Trajectory Evaluators¶

Evaluator Base Class¶

class blackbox_mpc.trajectory_evaluators.EvaluatorBase(reward_function, system_dynamics_handler, name=None)[source]¶

This is the base class of the trajectory evaluators

__call__(current_states, action_sequences, time_step)[source]¶

This is the call function for the Evaluator Base Class. It is used to calculate the rewards corresponding to each of the action sequences starting from the current state.

Parameters

current_states (tf.float32) – Defines the current state of the system, (dims=num_of_agents X dim_S)
action_sequences (tf.float32) – Defines the action sequences to be evaluated, (dims = population X num_of_agents X planning_horizon X dim_U)
time_step (tf.float32) – Defines the current timestep of the episode.

Returns

rewards – The rewards corresponding to each action sequence (dims = 1 X population)

Return type

tf.float32

__init__(reward_function, system_dynamics_handler, name=None)[source]¶

This is the initializer function for the Evaluator Base Class.

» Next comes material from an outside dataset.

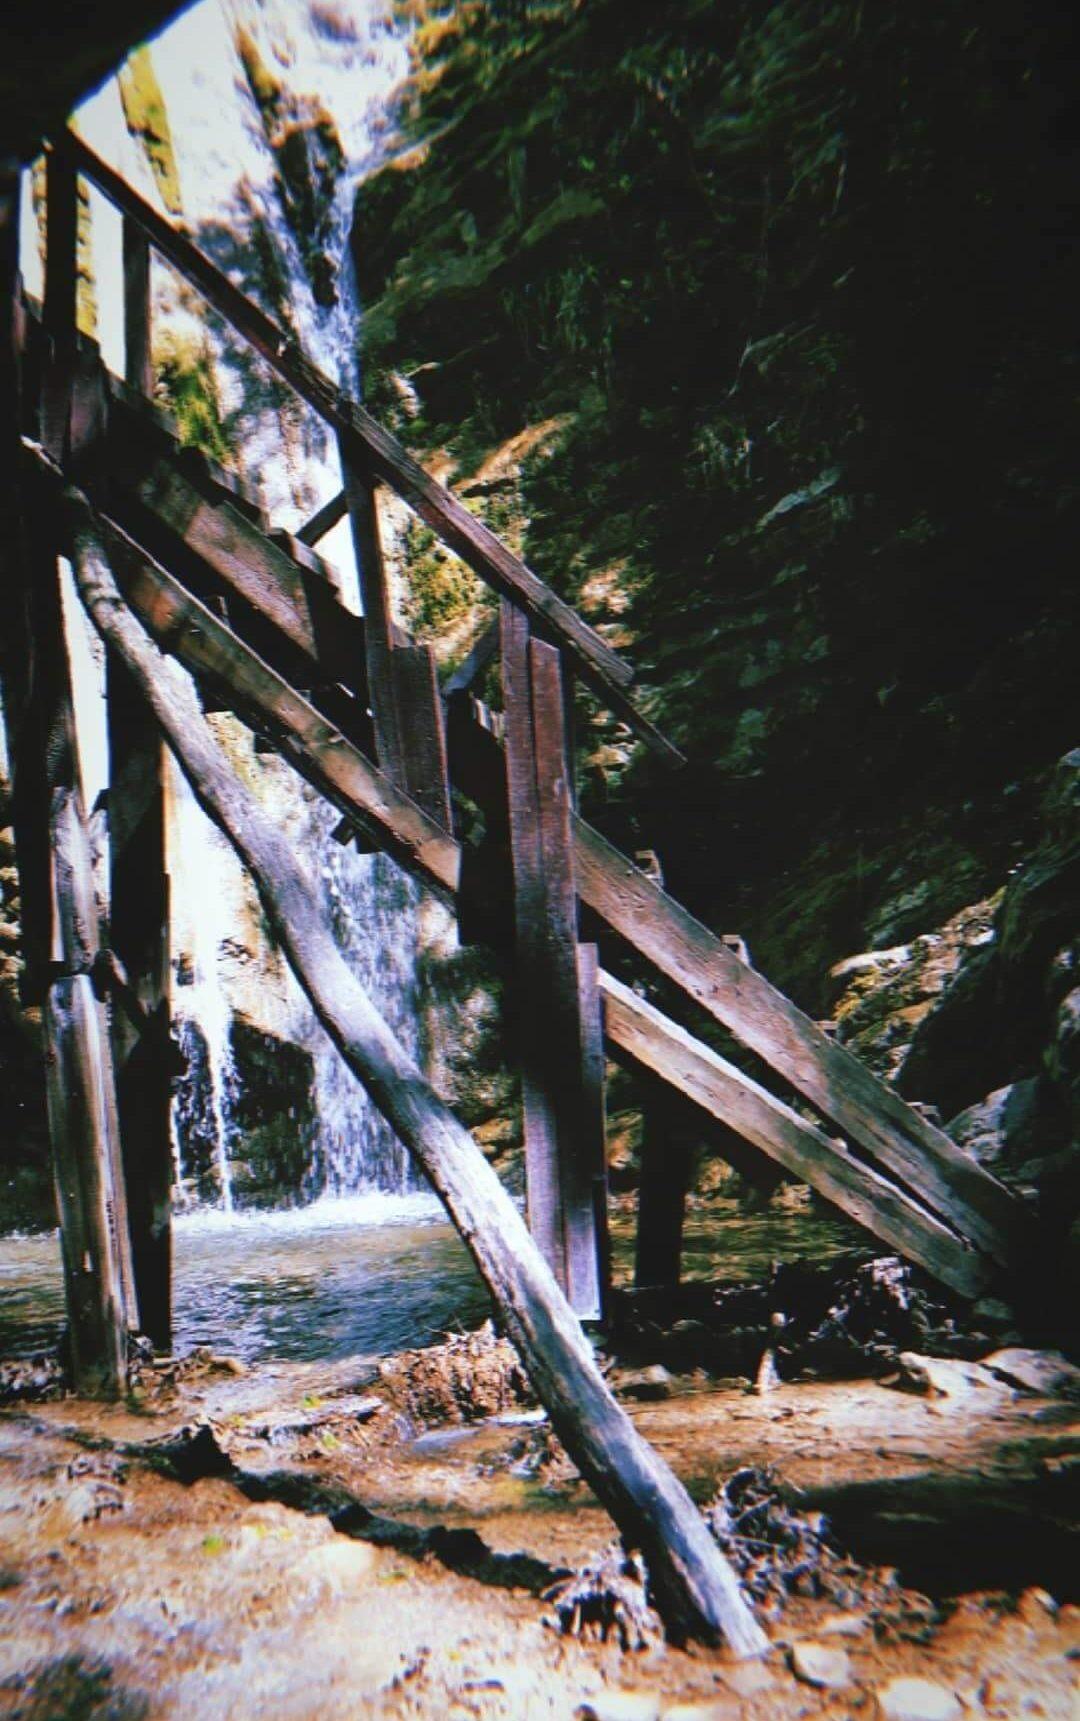 Как дойти до Гебиусских водопадов (маршрут)
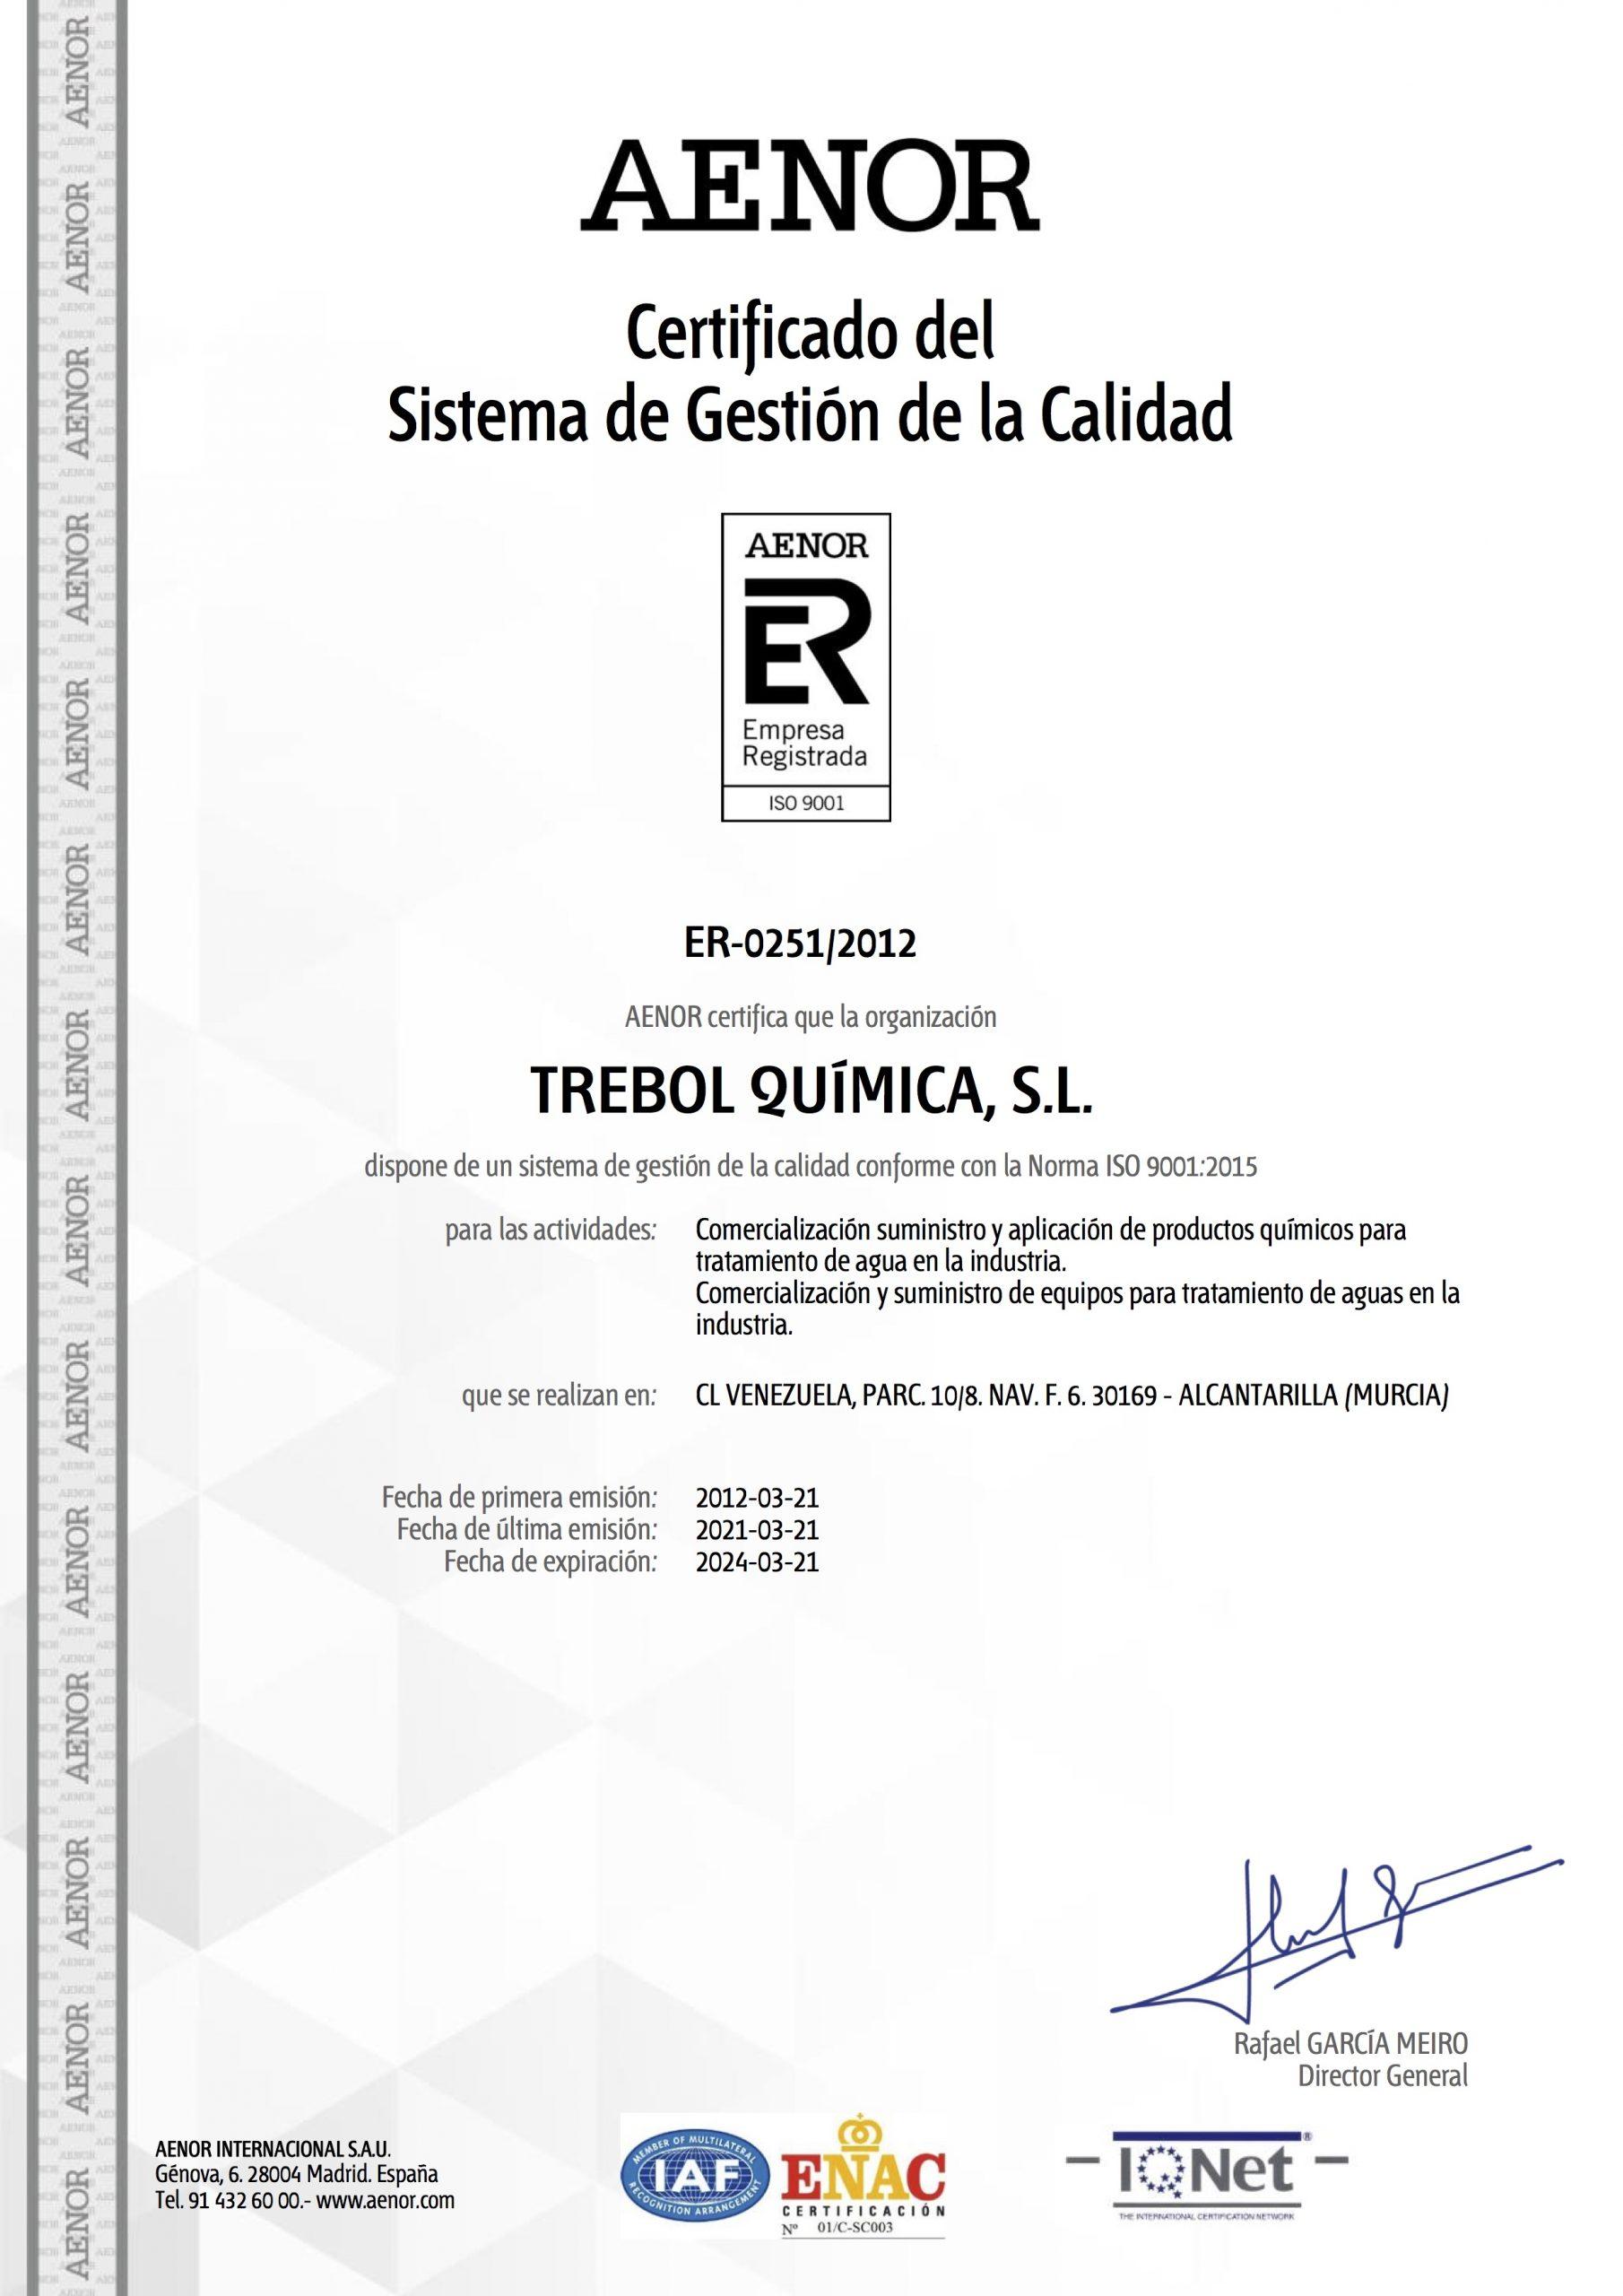 certificadoer-0251-2012_es_2021-03-30

Parameters: name (String) – Defines the name of the block of the evaluator.

evaluate_next_reward(current_state, next_state, current_action)[source]¶

This is the function used to predict the next reward using the internal dynamics handler.

Parameters

current_state (tf.float32) – Defines the current state of the system, (dims=num_of_agents X dim_S)
next_state (tf.float32) – Defines the next state of the system, (dims=num_of_agents X dim_S)
current_action (tf.float32) – Defines the current action to be applied, (dims = num_of_agents X dim_U)

Returns

reward – returns the predicted reward using the action, current state and the next one, (dims=num_of_agents X 1)

Return type

tf.float32

predict_next_state(current_state, current_action)[source]¶

This is the function used to predict the next state using the internal dynamics handler.

Parameters

current_state (tf.float32) – Defines the current state of the system, (dims=num_of_agents X dim_S)
current_action (tf.float32) – Defines the current action to be applied, (dims = num_of_agents X dim_U)

Returns

next_state – Defines the next state of the system, (dims=num_of_agents X dim_S)

Return type

tf.float32

Deterministic Evaluator¶

class blackbox_mpc.trajectory_evaluators.DeterministicTrajectoryEvaluator(reward_function, system_dynamics_handler)[source]¶

__call__(current_states, action_sequences, time_step)[source]¶

This is the call function for the Deterministic Trajectory Evaluator Class. It is used to calculate the rewards corresponding to each of the action sequences starting from the current state.

Parameters

current_states (tf.float32) – Defines the current state of the system, (dims=num_of_agents X dim_S)
action_sequences (tf.float32) – Defines the action sequences to be evaluated, (dims = population X num_of_agents X planning_horizon X dim_U)
time_step (tf.float32) – Defines the current timestep of the episode.

Returns

rewards – The rewards corresponding to each action sequence (dims = 1 X population)

Return type

tf.float32

__init__(reward_function, system_dynamics_handler)[source]¶

This is the trajectory evaluator class for a deterministic dynamics function

Parameters

reward_function (tf_function) – Defines the reward function with the prototype: tf_func_name(current_state, current_actions, next_state), where current_state is BatchXdim_S, next_state is BatchXdim_S and current_actions is BatchXdim_U.
system_dynamics_handler (SystemDynamicsHandler) –

Defines the system dynamics handler class with its own trainer and observations and actions
preprocessing functions.

evaluate_next_reward(current_states, next_states, current_actions)[source]¶

This is the function used to predict the next reward using the internal dynamics handler.

Parameters

current_states (tf.float32) – Defines the current state of the system, (dims=num_of_agents X dim_S)
next_states (tf.float32) – Defines the next state of the system, (dims=num_of_agents X dim_S)
current_actions (tf.float32) – Defines the current action to be applied, (dims = num_of_agents X dim_U)

Returns

reward – returns the predicted reward using the action, current state and the next one, (dims=num_of_agents X 1)

Return type

tf.float32

predict_next_state(current_states, current_actions)[source]¶

This is the function used to predict the next state using the internal dynamics handler.

Parameters

current_states (tf.float32) – Defines the current state of the system, (dims=num_of_agents X dim_S)
current_actions (tf.float32) – Defines the current action to be applied, (dims = num_of_agents X dim_U)

Returns

next_state – Defines the next state of the system, (dims=num_of_agents X dim_S)

Return type

tf.float32